Tuesday, August 25, 2015

Table Functions, Part 5b: Table Functions vs Pipelined Table Functions

Last week, I published my first post in the Table Function series on pipelined table functions. I included this advice at the top of the post:

Here's my first piece of advice regarding this interesting and in many ways unique (within PL/SQL) feature:
You are unlikely to ever need a pipelined table function, but when you do, it is going to be amazing.
I bring this up right at the start because I have found over the years that many developers talk in the most glowing terms about pipelined table functions. Yet when I look at what they are doing with those functions, it becomes clear that they are not pumped up about the pipelining. They are not, in fact, benefiting at all from the pipelining feature.
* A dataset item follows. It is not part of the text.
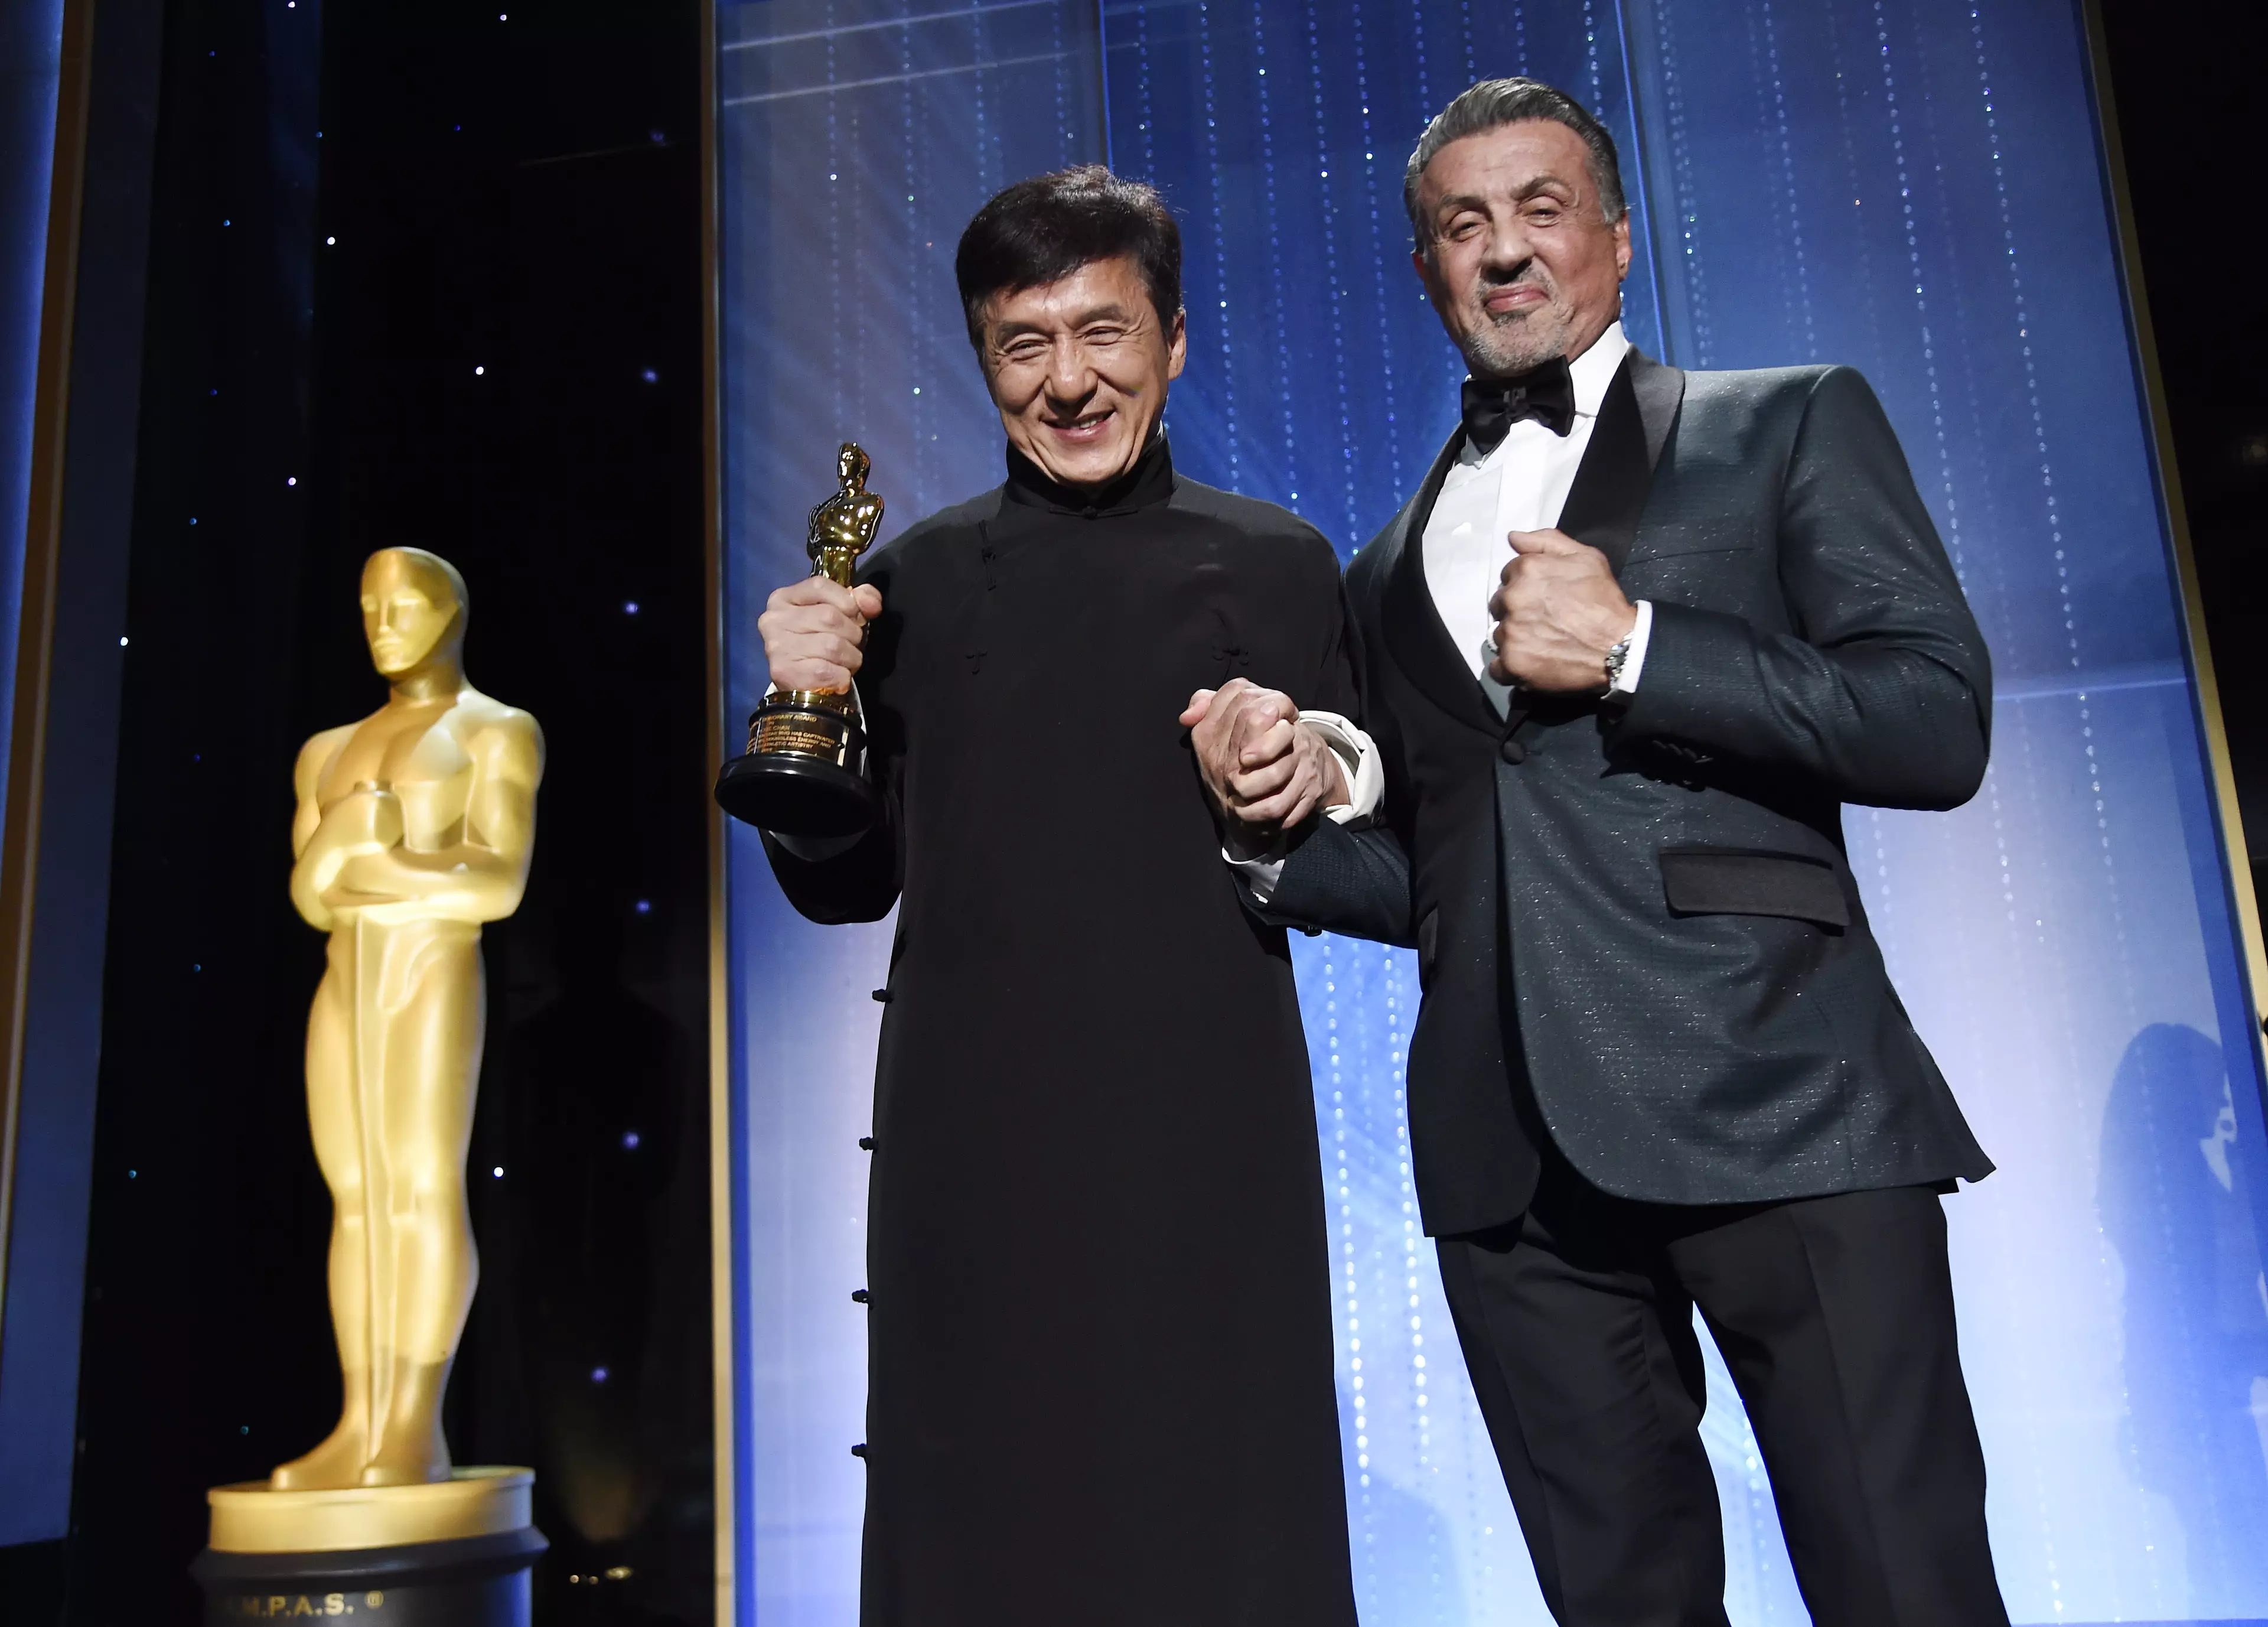 Jackie Chan Awarded With An Oscar After 56 Years In The Film Industry

Instead, they are excited simply about table functions. And that's cool, that's fine. Table functions are, indeed, quite awesome. Read my series! :-)

Part of the reason I gave this advice is that I'd run some performance tests on TFs and PTFs and noticed that PTFs seemed to run a bit slower than TFs when you weren't taking advantage of pipelining. So I didn't want to be too encouraging of users to change all their TFs into PTFs.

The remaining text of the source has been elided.